Looking for breakthrough ideas for innovation challenges? Try Patsnap Eureka!

Android malware detection method based on api call sequence

A technology of API call and call sequence, applied in the field of Android malware detection based on application programming interface API call sequence, can solve the problems of low detection efficiency, difficult analysis of Android application software, low recognition rate, etc.

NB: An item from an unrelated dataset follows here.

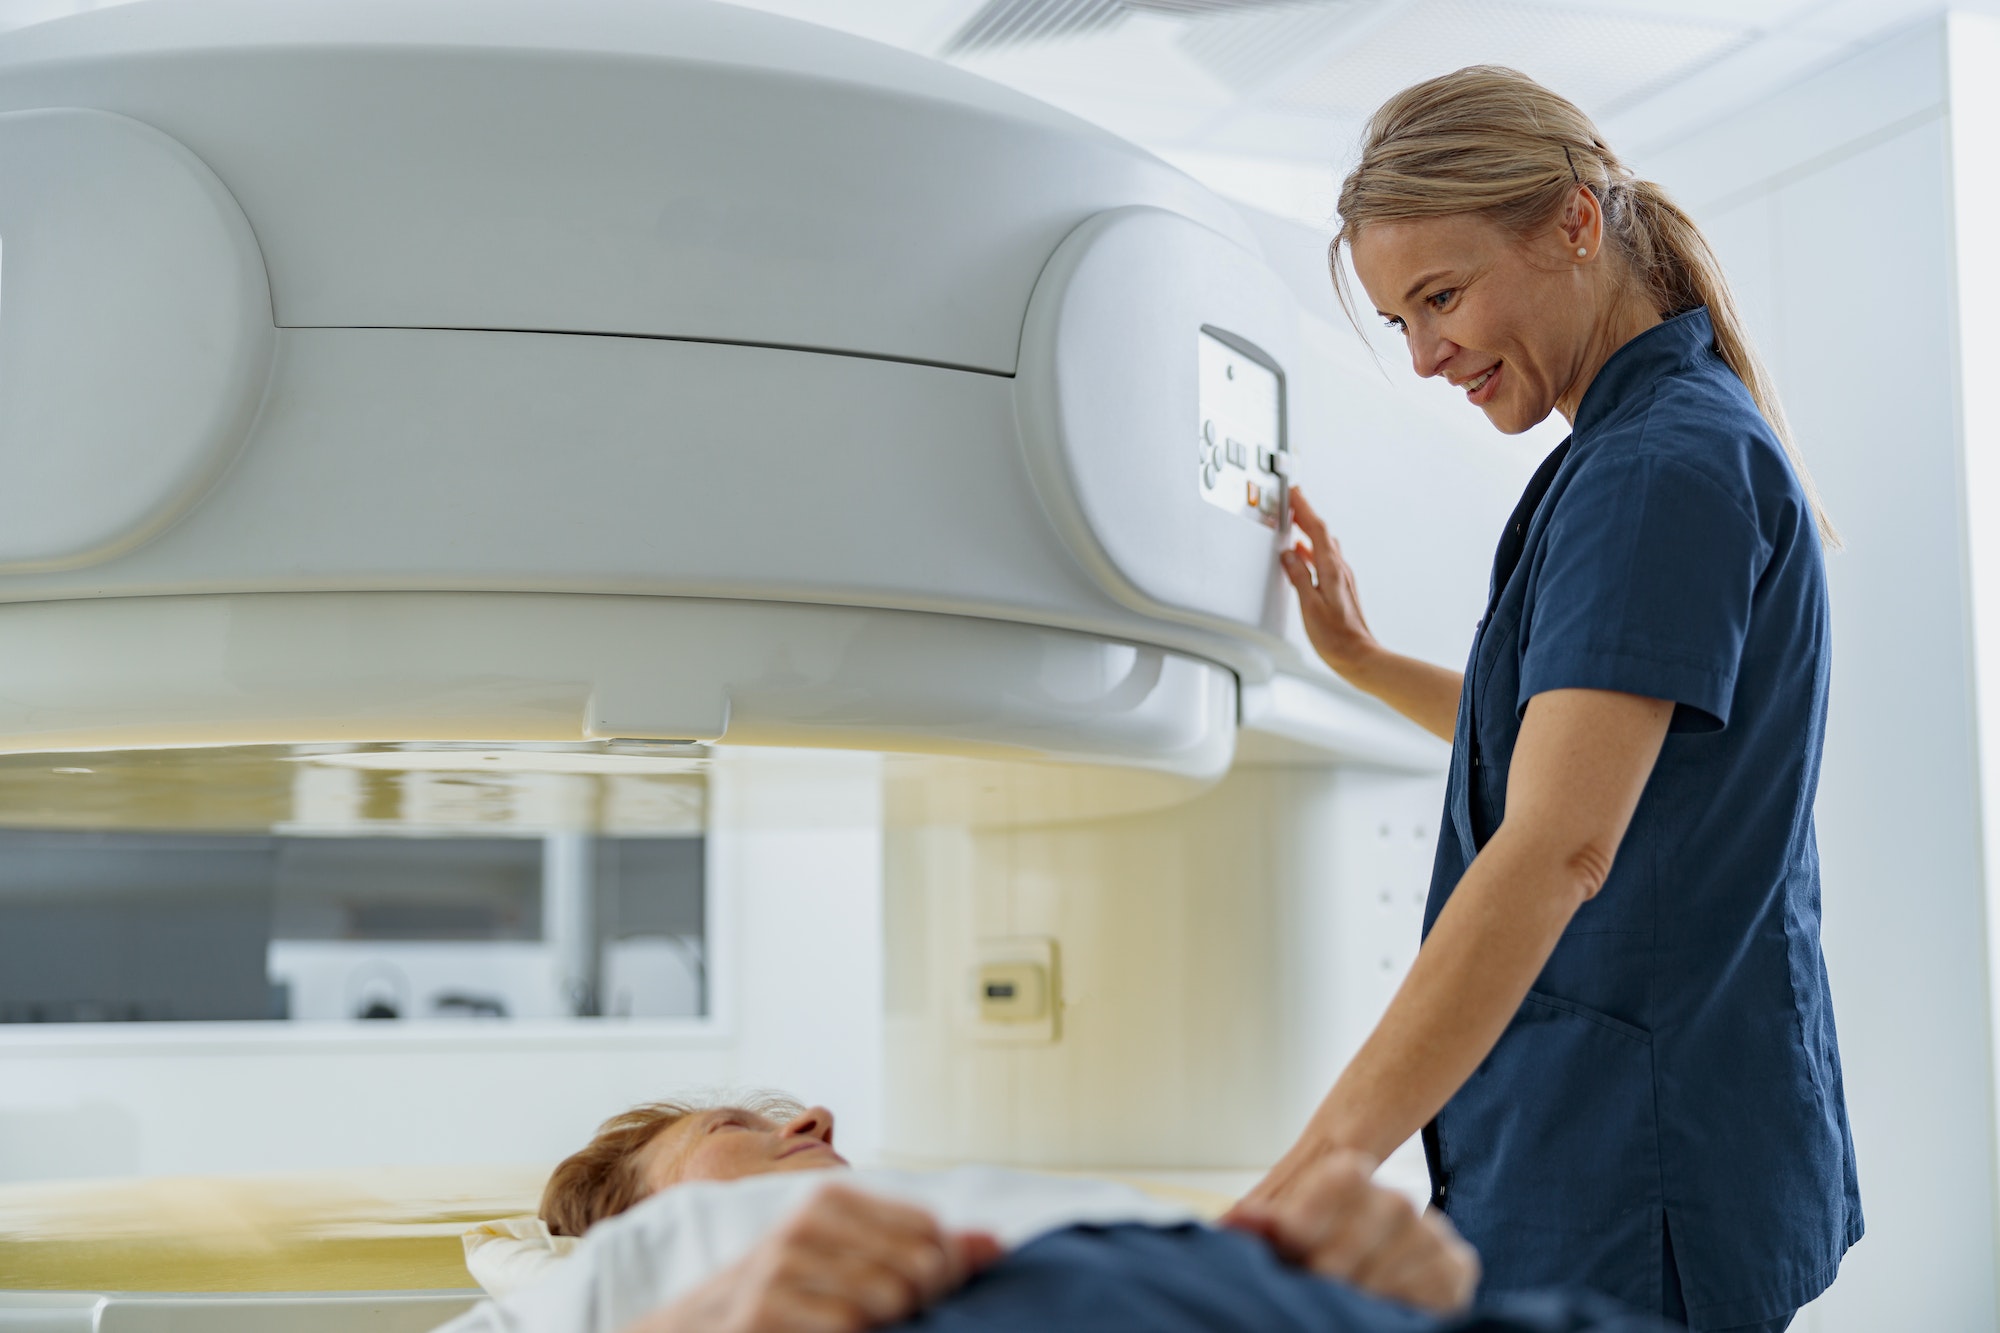 Radiologist controls MRI or CT or PET Scan with female patient undergoing procedure

Active Publication Date: 2021-07-27
XIDIAN UNIV
View PDF4 Cites 0 Cited by
  • Summary
  • Abstract
  • Description
  • Claims
  • Application Information

AI Technical Summary

Problems solved by technology

At present, the existing methods for static detection of Android malware are basically carried out from two aspects of authority and application programming interface API, but this method has the following shortcomings: First, due to the large number of APIs, including the official API provided by Android 1. APIs and custom APIs provided by third-party organizations lead to a large amount of calculations for classification algorithms that rely on API features; second, with the continuous improvement of Android security technology, Android applications use code obfuscation technology to prevent Android applications from being hacked. Decompilation makes it difficult to analyze the obfuscated Android application software; third, the current static detection methods for Android malware cannot adapt to the replacement of the API version, and will cause the detection efficiency to decrease with the change of the API version
The disadvantage of this method is that in the obfuscated Android application software, the 20 high-risk APIs will be replaced by obfuscated names, so this method will miss this key feature, resulting in low detection efficiency
The disadvantage of this method is that the quality of the detection model of this method depends on the API version of the sample in the sample set, and this method has a large amount of calculation, which increases the overhead of malware identification process and the recognition rate is low.
The disadvantage of this method is that the detection method is prone to errors. For example, inexperienced developers may have applied for certain permissions in advance, but they did not use the functions affected by the permissions in programming, so the accuracy rate and omissions are serious

Method used

the structure of the environmentally friendly knitted fabric provided by the present invention; figure 2 Flow chart of the yarn wrapping machine for environmentally friendly knitted fabrics and storage devices; image 3 Is the parameter map of the yarn covering machine
View more

Image

Smart Image Click on the blue labels to locate them in the text.
Viewing Examples
Smart Image
  • Android malware detection method based on api call sequence
  • Android malware detection method based on api call sequence
  • Android malware detection method based on api call sequence

Examples

Experimental program
Comparison scheme
Effect test

Embodiment Construction

[0040] By the following figure 1 The specific steps of the invention are described below.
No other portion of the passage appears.